# ASSIGNMENT:
Will you write out the data exactly, excluding every picture?

# DATA BLOCK:

▼

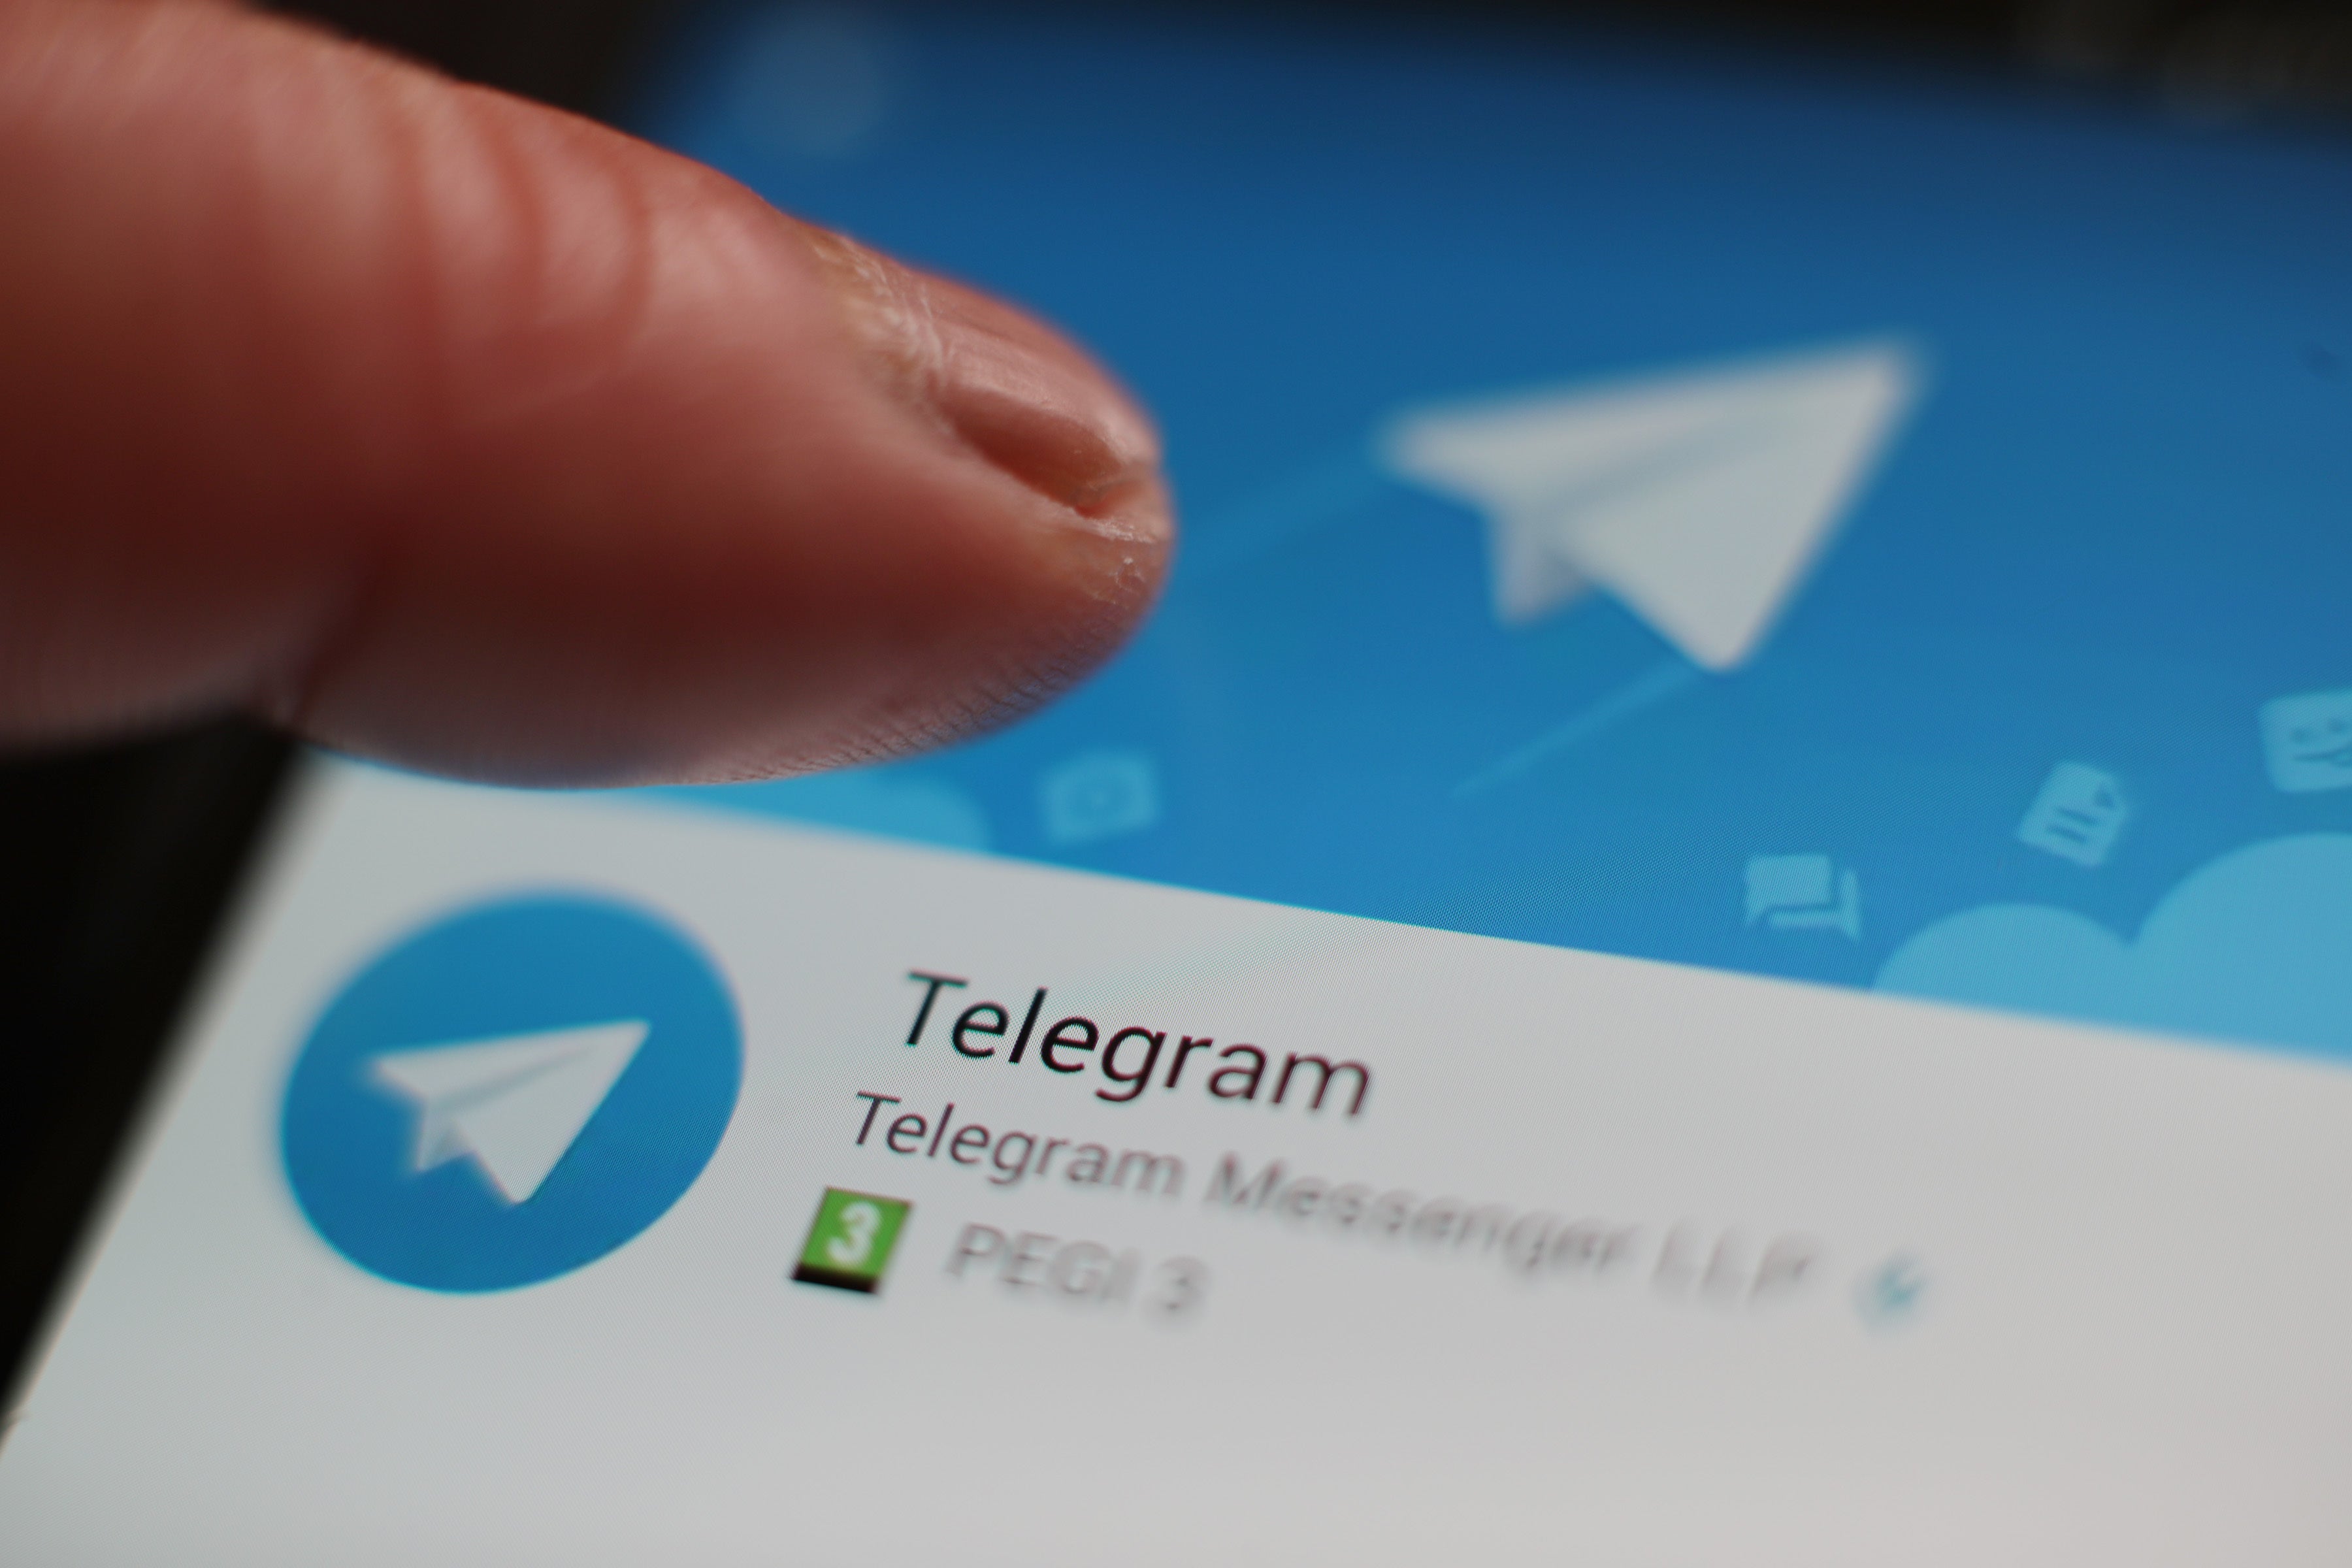 Telegram pictures. Телеграм. Телеграм в телефоне. Фото для телеграмма. Мессенджер телеграм.
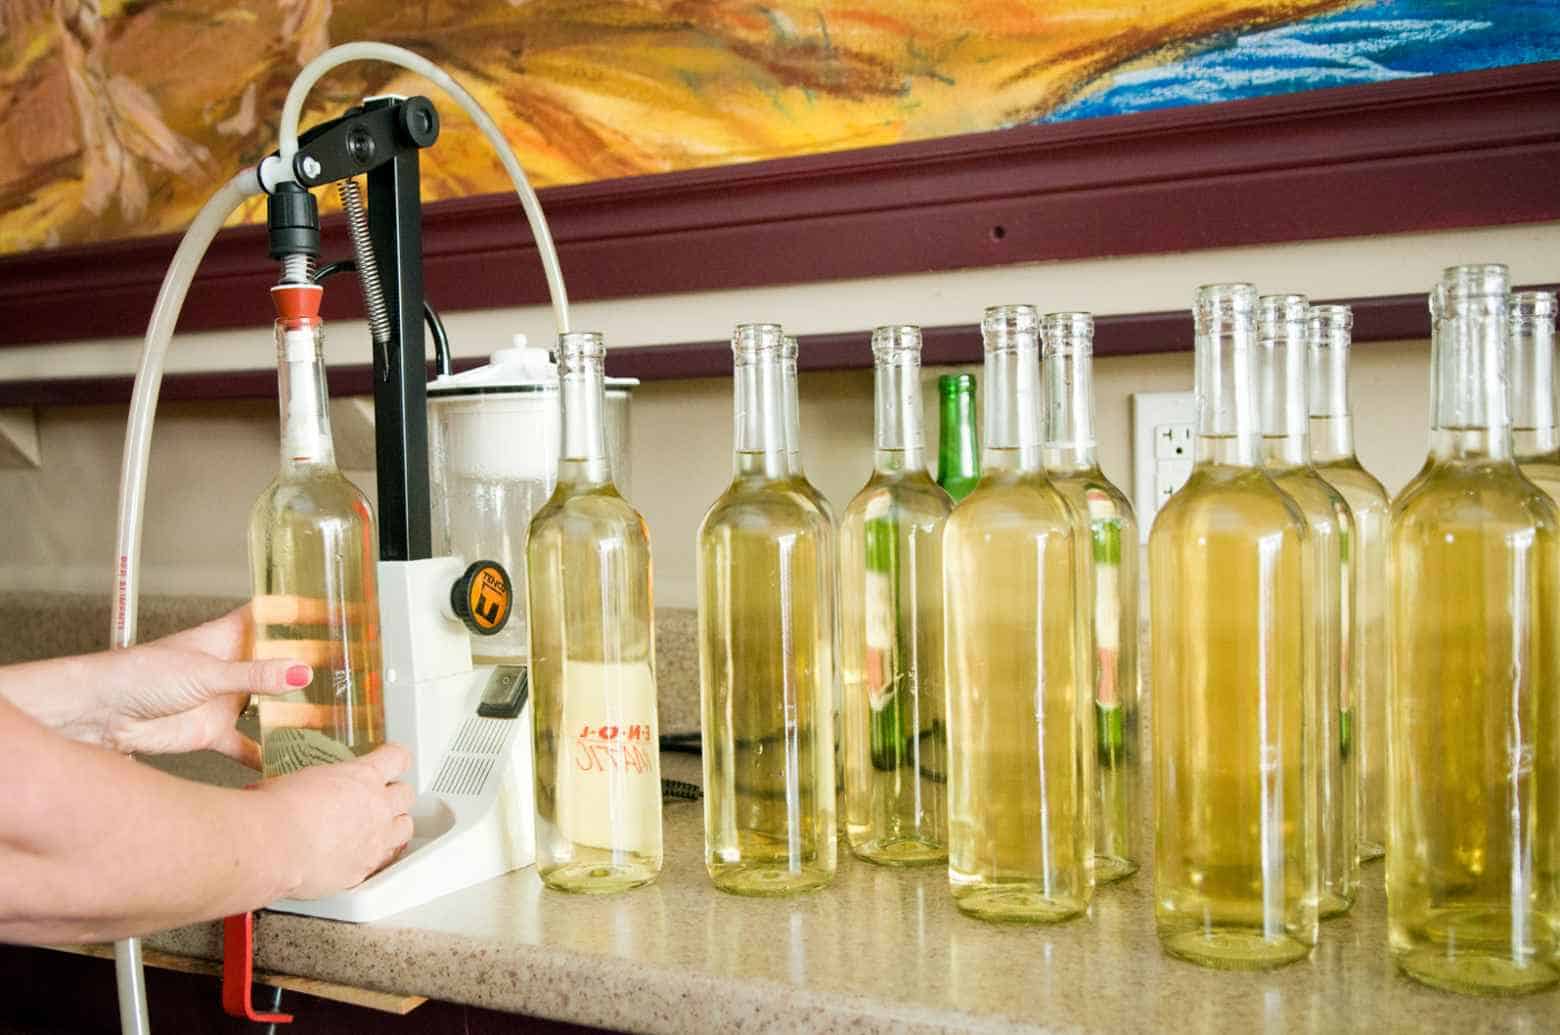 Clarifying the Wine
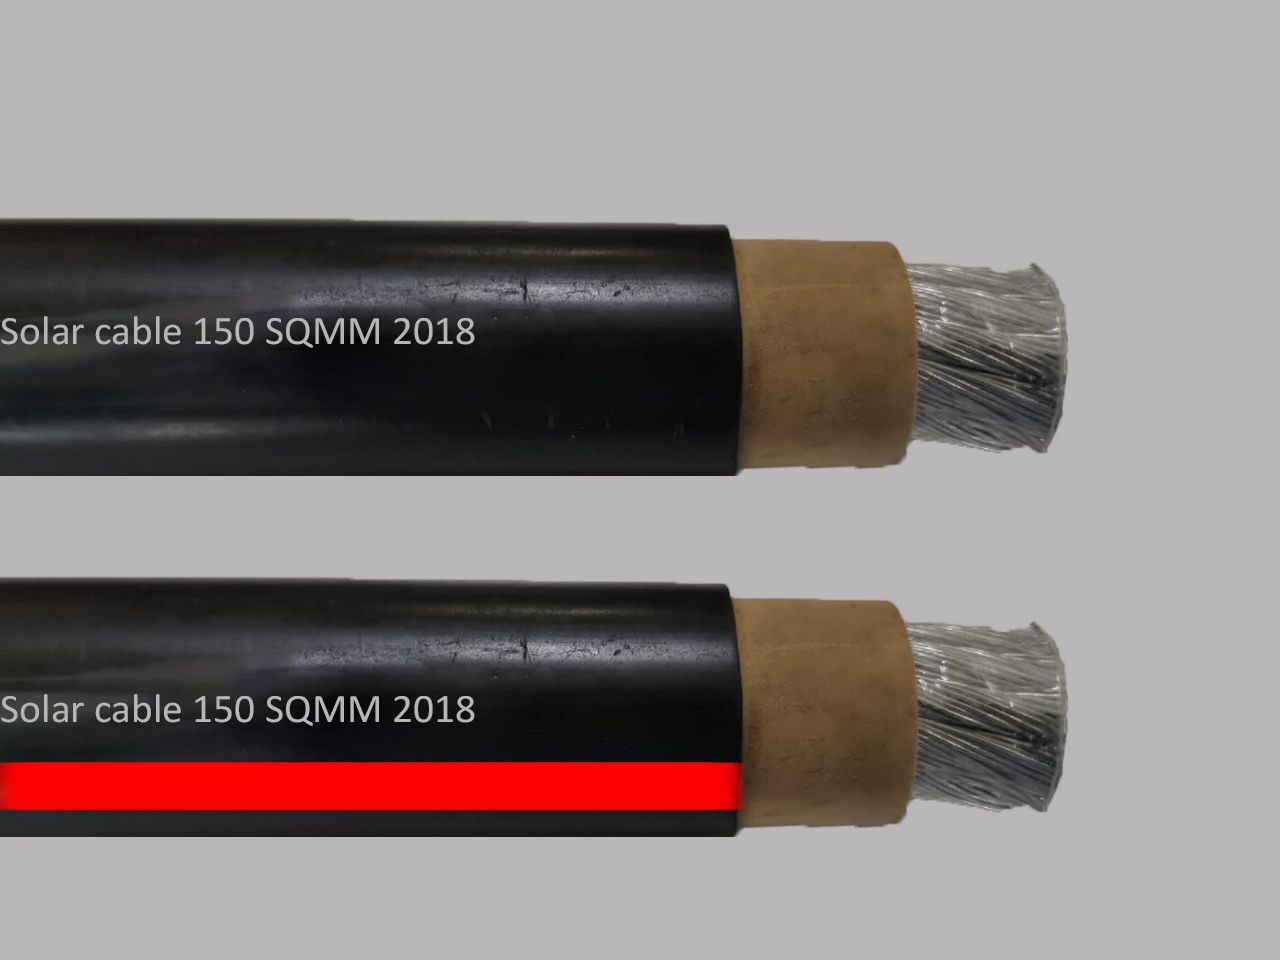 en-certified-dc-solar-cable-150sqm-500mtr-drum-red_1_1_1_1_1.jpg

▲

# RESULT OF THIS EXERCISE:
 Telegram pictures. Телеграм. Телеграм в телефоне. Фото для телеграмма. Мессенджер телеграм.
 Clarifying the Wine
 en-certified-dc-solar-cable-150sqm-500mtr-drum-red_1_1_1_1_1.jpg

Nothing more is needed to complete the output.